We need better marketing. The Reform movement that is. Well, Temple Emanuel, too, but this Shabbat, I’m concerned about the broader umbrella of Progresive Judaism.
You may have heard that Jews throughout the world have been called together this Shabbat (Shabbat Noach) to participate in The Shabbos Project. This Shabbos Project is being marketed as an “international movement to unite all Jews through keeping one Shabbos together.” Sounds like a lovely idea, doesn’t it? Though, isn’t that what we do week after week- observe Shabbat with Jews throughout the world? It was the Israeli writer and philosopher Ahad Ha-am who first reminded us, “More than Israel has kept Shabbat, has Shabbat kept Israel.” The international construct, if you will, that keeps Jews “together” is already present. It’s called Shabbat, and it has the potential to unite us. Indeed, Jews worldwide observe it.
While not so obvious on the Shabbos Project flyers posted throughout our community in places like Starbucks, or in the materials advertising the Baltimore Challah bake that occurred at the JCC as part of the project, this Shabbos Project is far from a pluralistic effort at uniting world Jewry. It has been organized by a South African outreach organization called Kiruv. Kiruv’s mission is one of unifying the Jewish people. Their website states, “Our united efforts, with HaShem’s help, will be the seeds to infuse light, love, and inspiration to all of Am Yisrael.” What becomes clear when digging a bit deeper specifically into the directions for the Shabbos Project’s hosts, however, is that the goal of unifying the Jewish people is only about unifying us according to one narrow definition of what it means to be an observant Jew.

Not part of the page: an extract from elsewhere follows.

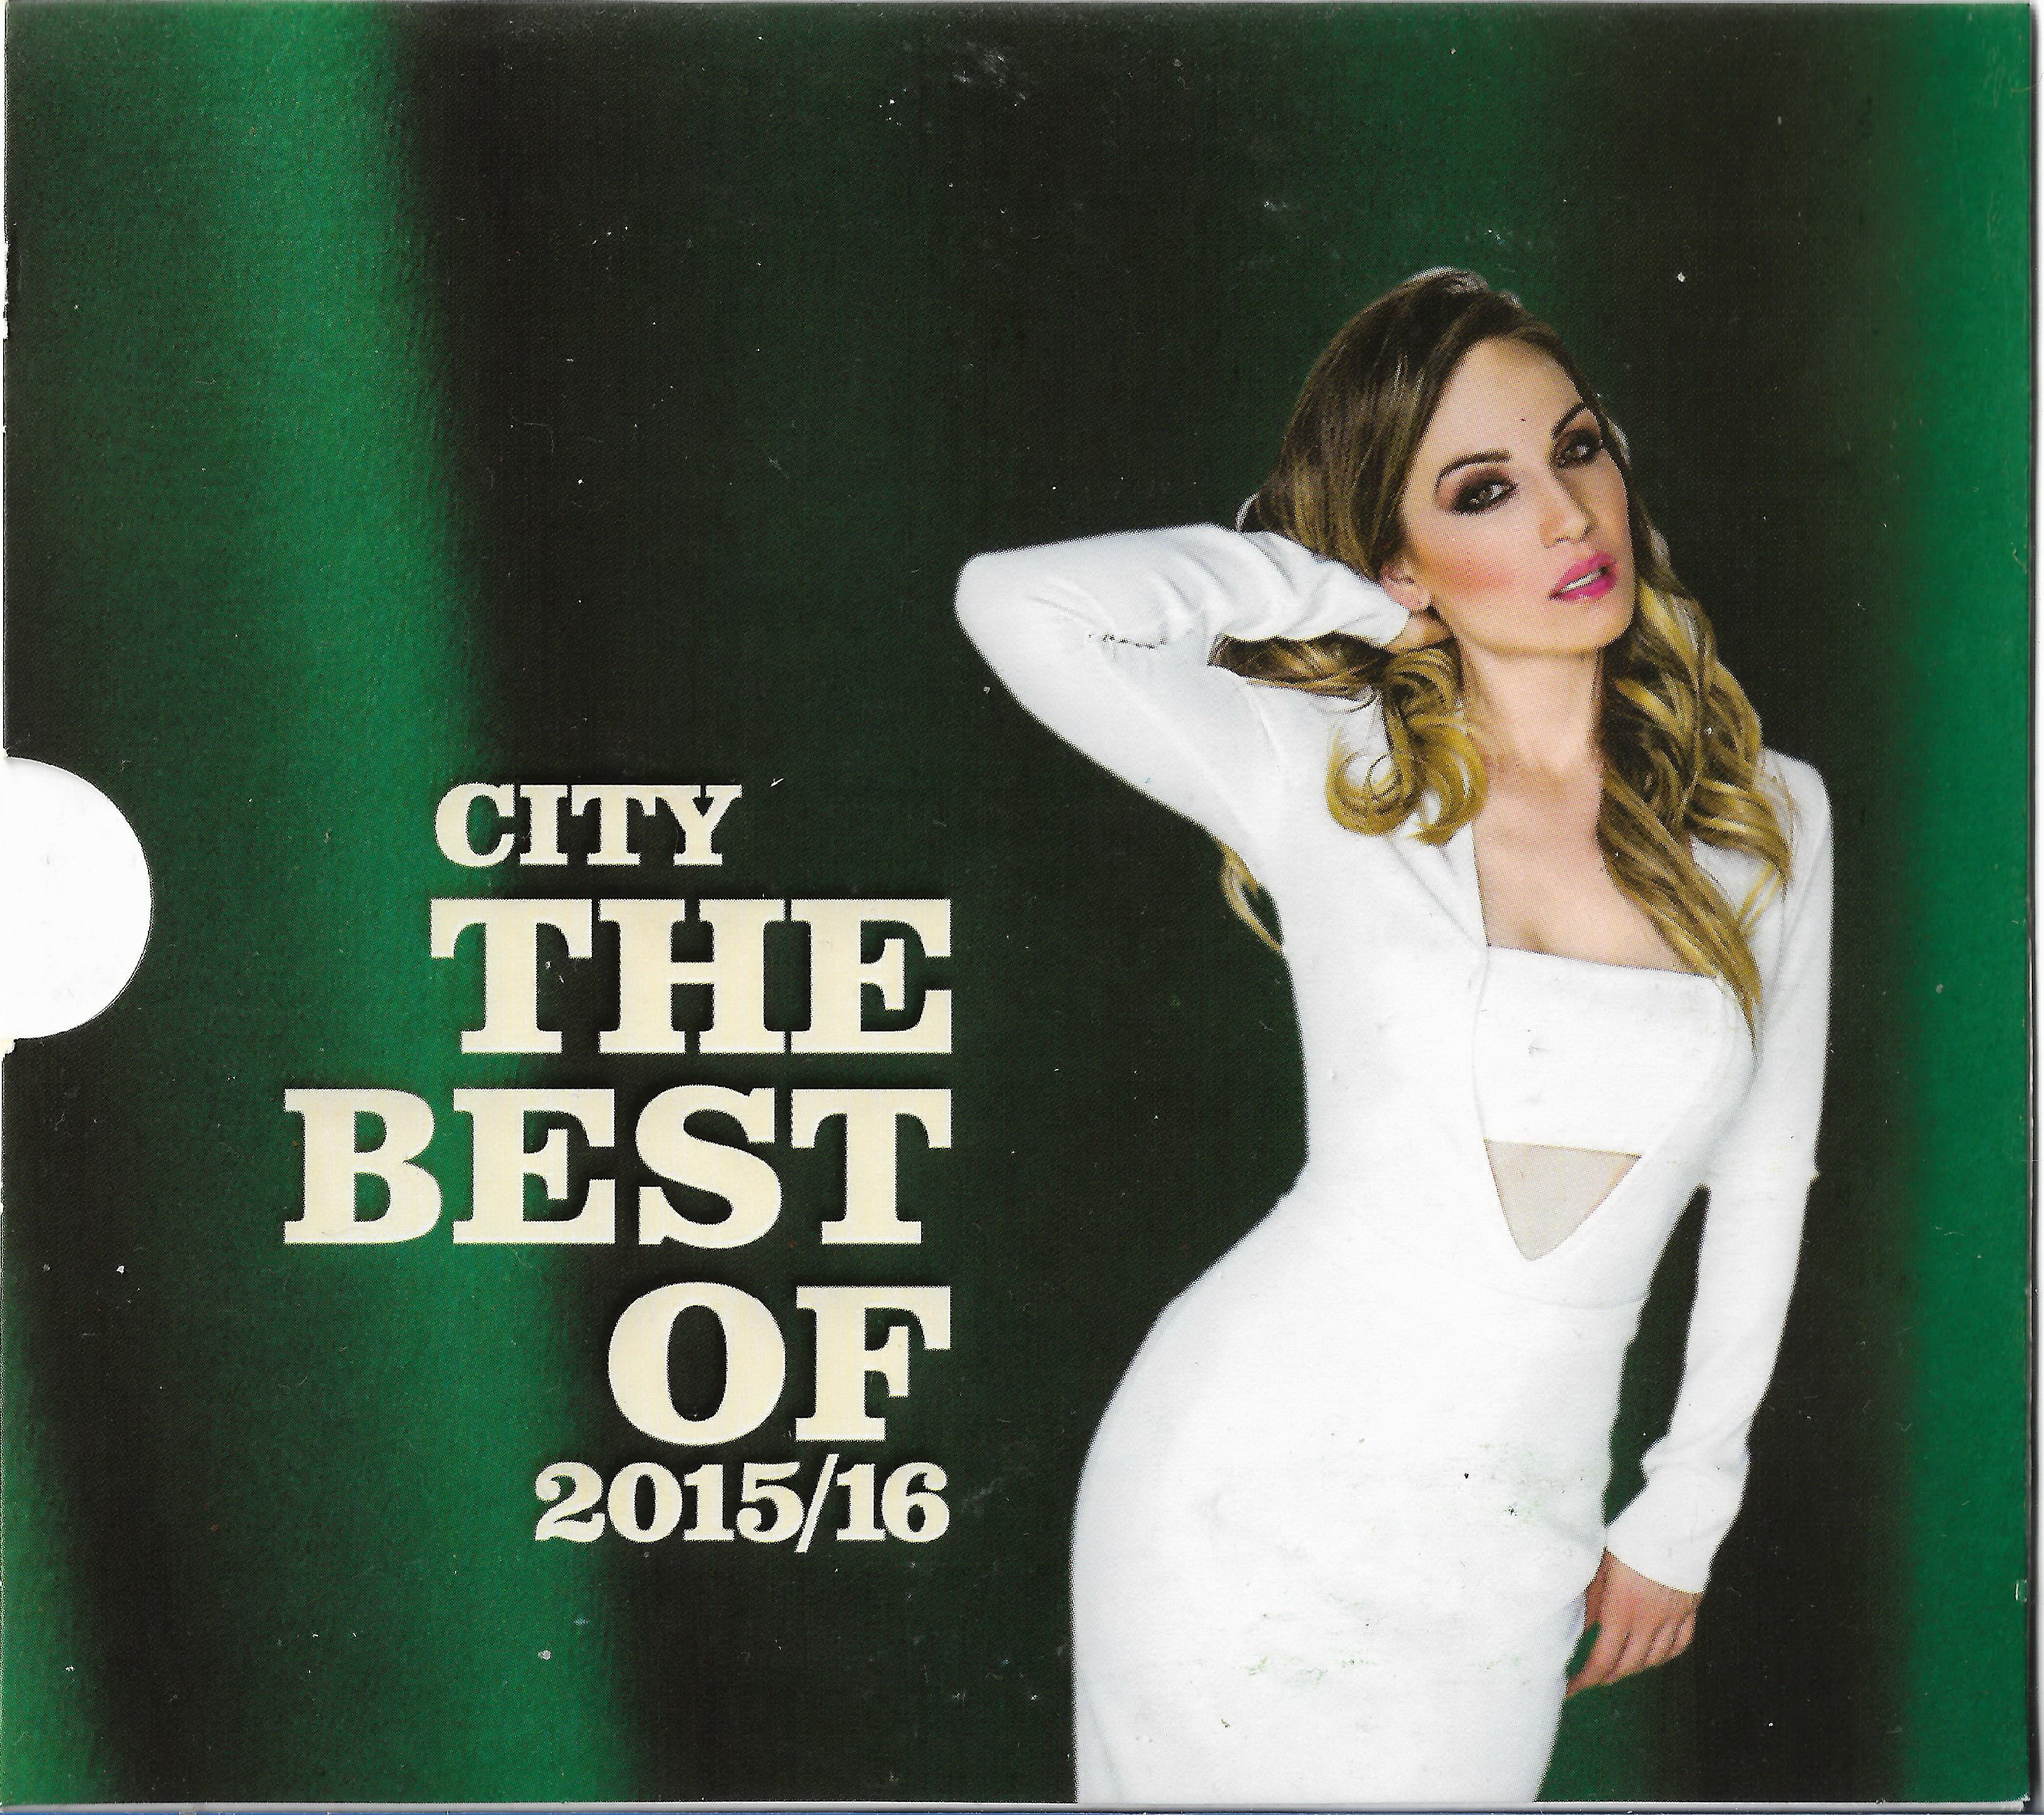 City The Best Of 201516 2 b

Hosts are encouraged to “share the beauty of Shabbos by inviting a less-affiliated Jew into your home.” I’m not sure what they mean by “less-affliated,” but I have a sense they are referring to folks just like me. Non-Orthodox Jews. It is striking that nowhere in the marketing materials are denominational terms used, just “Jewish” and “less affiliated.” There are guidelines, of course, on how to handle “halachik mistakes” made by guests. Encourage Torah observance, but don’t judge. Tell your kids not to make any comments regarding lack of knowledge about basic Jewish concepts. Remind them, your kids that is, that your visitors have never had the privilege of a Yeshiva education. Oh, and my favorite suggestion, “when bringing female guests to shul, make sure there is a user friendly mechitza”…If the women’s section isn’t inviting, it is “better to encourage them to stay home with the women of the home. This is particularly important for beginners.” The website manual states.
I could share more about the instructions for those serving as hosts for this worldwide Shabbos effort, but you get the idea. It is less about Shabbat ideals, and far more about promulgating a Halachicly narrow, Orthodox definition of Shabbat observance. It is not at all about true unity, or making the world a better place, or even providing that taste of redemption. It's about forwarding one idea about how to keep the Sabbath.
As I said, we need better marketing.
How do we – Reform Jews who do observe Shabbat, who live full Jewish lives, even if not halachikly bound ones – how do we respond to this divisive message that their “keeping Shabbat” is better than ours, that their way is God’s preference? First and foremost, we must never be apologetic regarding the Reform movement’s stance on ritual, our understanding of history or Torah, or our personal level of Jewish observance. Whether we tear toilet paper or not or use a light switch on Shabbat, should not be held up as a defining measures of our Jewishness, our connection to God, let alone our moral character. Moreover, we should speak proudly about how we do express our Jewish observance. We must always speak in the positive: affirm what choices are made and provide explanations that extend beyond mere convenience.
Despite the concerns I have regarding Kiruv’s Shabbos Project, I hope it motivates us in one very important direction. Each of us, regarding of our level of observance should take time to consider what makes us Jewish. Is it simply a matter of our biology? Or, is it our commitment to social justice, the values of tikun olam? Is it a matter of a faith in a singular God? Or, is your Judaism defined primarily through historical and cultural connections to the past? For so many generations, Jewish identity was assigned to us as much by external forces as by individual choice. That is no longer the case today. In our modern, some argue post-modern, world, we are not identified as Jewish unless we choose to be. And, I’d argue, it behooves us to do so, to each be a Jew by choice. I firmly believe that we must each consciously and proactively identify as Jewish – we must choose it. In that sense the Shabbos Project has it right: we must choose to opt-in if we expect Jewish life to thrive into the decades and centuries ahead.
My hope – a hope that is at least as passionate as, if not more so, than the one behind Kiruv’s Shabbos Project—is that Progressive, Reform Judaism remains a vibrant, accessible, intellectually engaging, aesthetically beautiful and welcoming place for all Jews to opt-in.